Sie glaubte auch, ihr Pschiater sei ein Bauchredner, weil er mit ihrem
Bauch redete. Sie verstand leider so einiges nicht. Sie hatte noch nie einen echten Bauchredner gesehen. Das interessante war, dass ihr Psychiater eigentlich Mormone war. Obwohl er ihr den katholischen Blödsinn einredete. Und er wiederum litt an Mormonenstau. So nennt man es, wenn Mormonen an hormonellem Triebstau leiden. Auch seine eigenen Unpässlichkeiten diagnostizierte ihr Psychiater so, dass er sie zur Selbsttherapie nutzen konnte. Er nannte das
»Handhabungstherapie«. Sie musste sich entkleiden und flach auf eine wachstuchbehangene Couch legen und er handhabte sie dann. Das sollte ihr den bösen Geist aus dem Körper spülen. Dominik seufzte. Wie hatte sie sich so einen Quatsch einreden lassen können? Jahrelang hatte sie dieser merkwürdige Kirgise schamlos ausgenutzt und an der Nase herumgeführt. Ganz zu schweigen von den Unkosten, die dadurch der Krankenkasse angefallen waren. Das fand er beinahe noch schlimmer.

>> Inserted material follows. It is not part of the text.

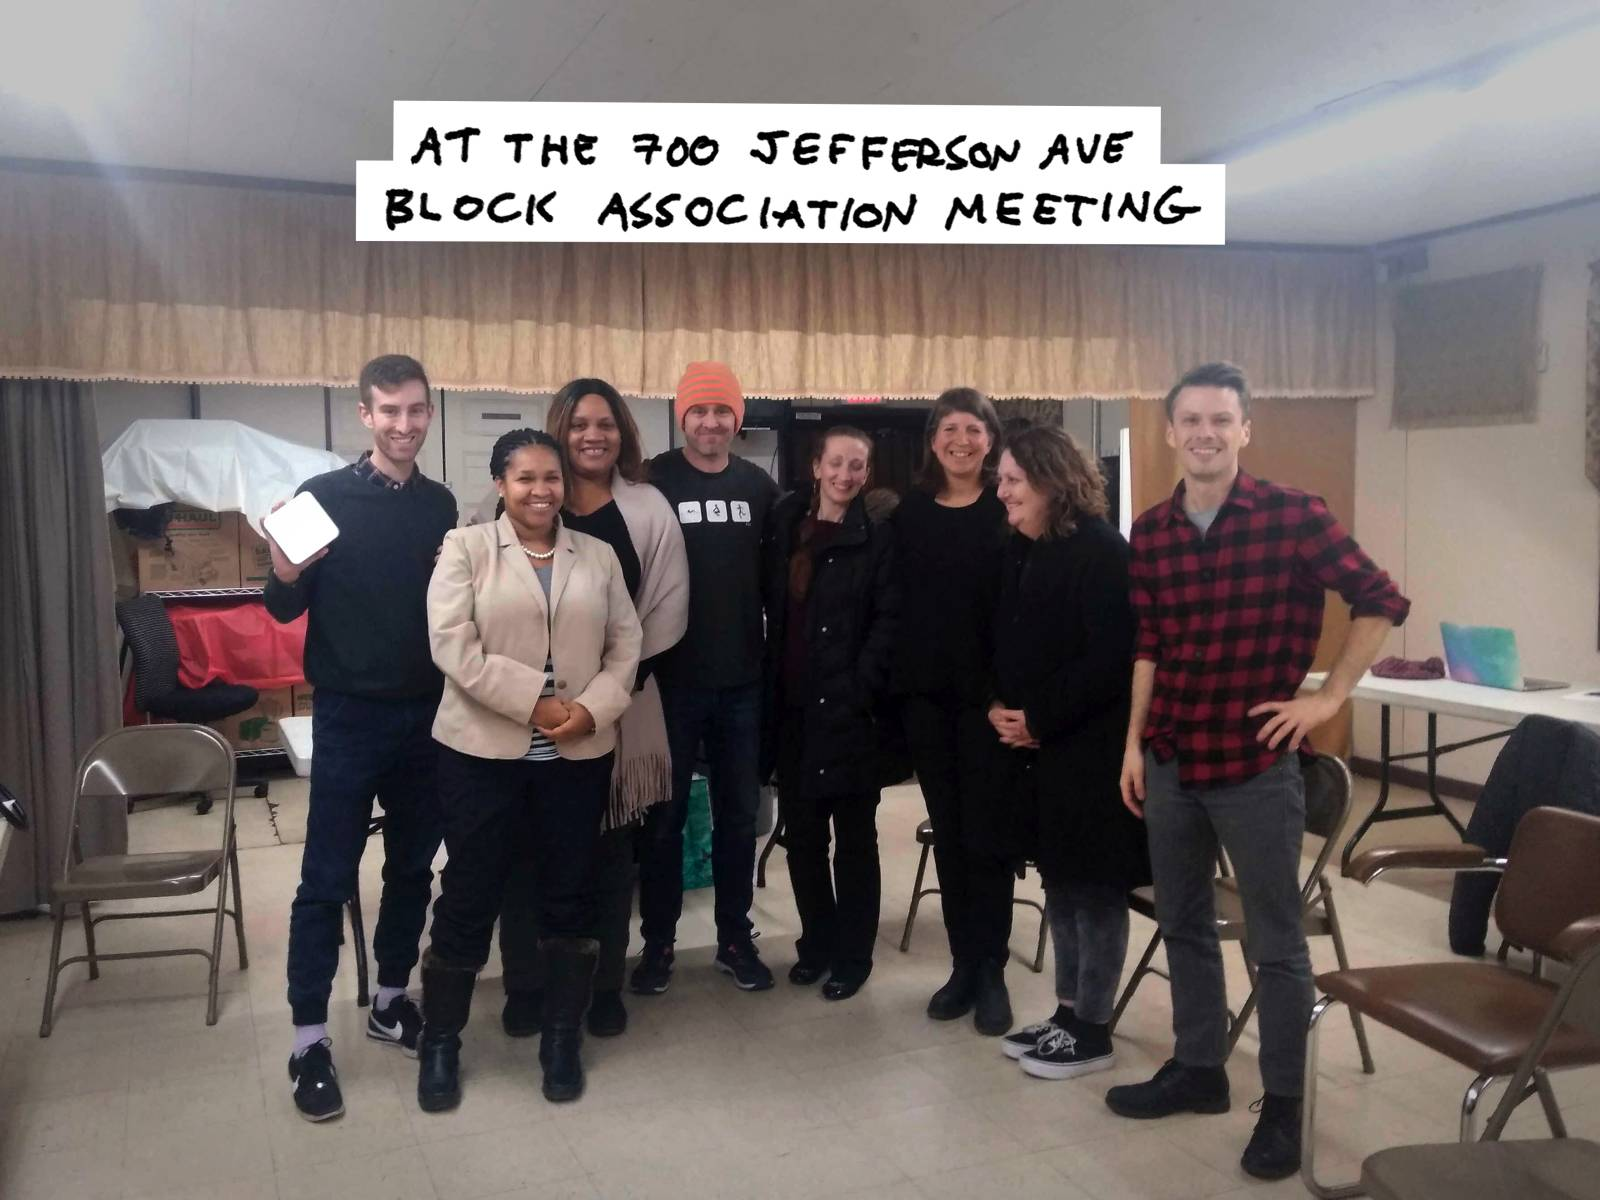 Block association meeting

Viel Mitleid empfand er nicht für sie, seit sie ihn in den wilden siebzigern von einem Tag auf den anderen hatte sitzen lassen, um mit einem sehbehinderten Gelenkbusfahrer nach Indien zu trampen. Der war entlassen worden, weil er aufgrund seiner Sehbehinderung versehentlich den Busbahnhof mit einer Einkaufspassage verwechselt hatte und mit voller Geschwindigkeit in eben dieses Einkaufszentrum hineingefahren war. Dummerweise war dann nicht nur er samt Bus da
drin, sondern schon vorher eine Reihe an Leuten, die nach Kontakt mit dem hochgeschwindigen Bus nicht mehr wirklich quicklebendig wirkten. Und da hatten sie ihn dann entlassen. Danach hatte er sich erst noch als Erfinder versucht. Aber seine »Notdurftschleuse« erschien niemandem von Bedarf, geschweige denn von Brauchbarkeit und Sinn. Und so suchte er nun sein Heil im Hinuismus und wollte wasserpfeiferauchend einen Guru aufsuchen, der ihn ans wahre Licht führen sollte. Dominiks Mutter hatte davon erfahren und gehofft, auf diesem Wege ihre Papstphobie vielleicht endlich loszuwerden. Sie ließ die kirgisische mormonenstaukurierende Handhabungstherapie sausen und ging mit Ewald, dem Gelenkbusfahrer nach Indien. Leider hatte sie vergessen, dass sie noch einen Sohn hatte. Sie war einfach zu spontan in ihrer Eindimensionalisiertheit. Dominik war dann zu den Großeltern auf einen Bauernhof auf der Magdeburger Börde gekommen und durfte da vor allem Schweinetröge säubern. Vielleicht hatte ihn das so nachhaltig geprägt, dass er sich langsam hocharbeitete und nun Facharbeiter einer Gebäudereinigungsfirma war. Seine Mutter hatte er nie wieder gesehen. Eher noch einmal den Papst. Im Fernsehen. Und dann dachte er wieder an die alte Zeit, die Kamelbonbons und ließ das Fotoalbum quietschen. Und die Nachbarn dachten wieder: Er schon wieder.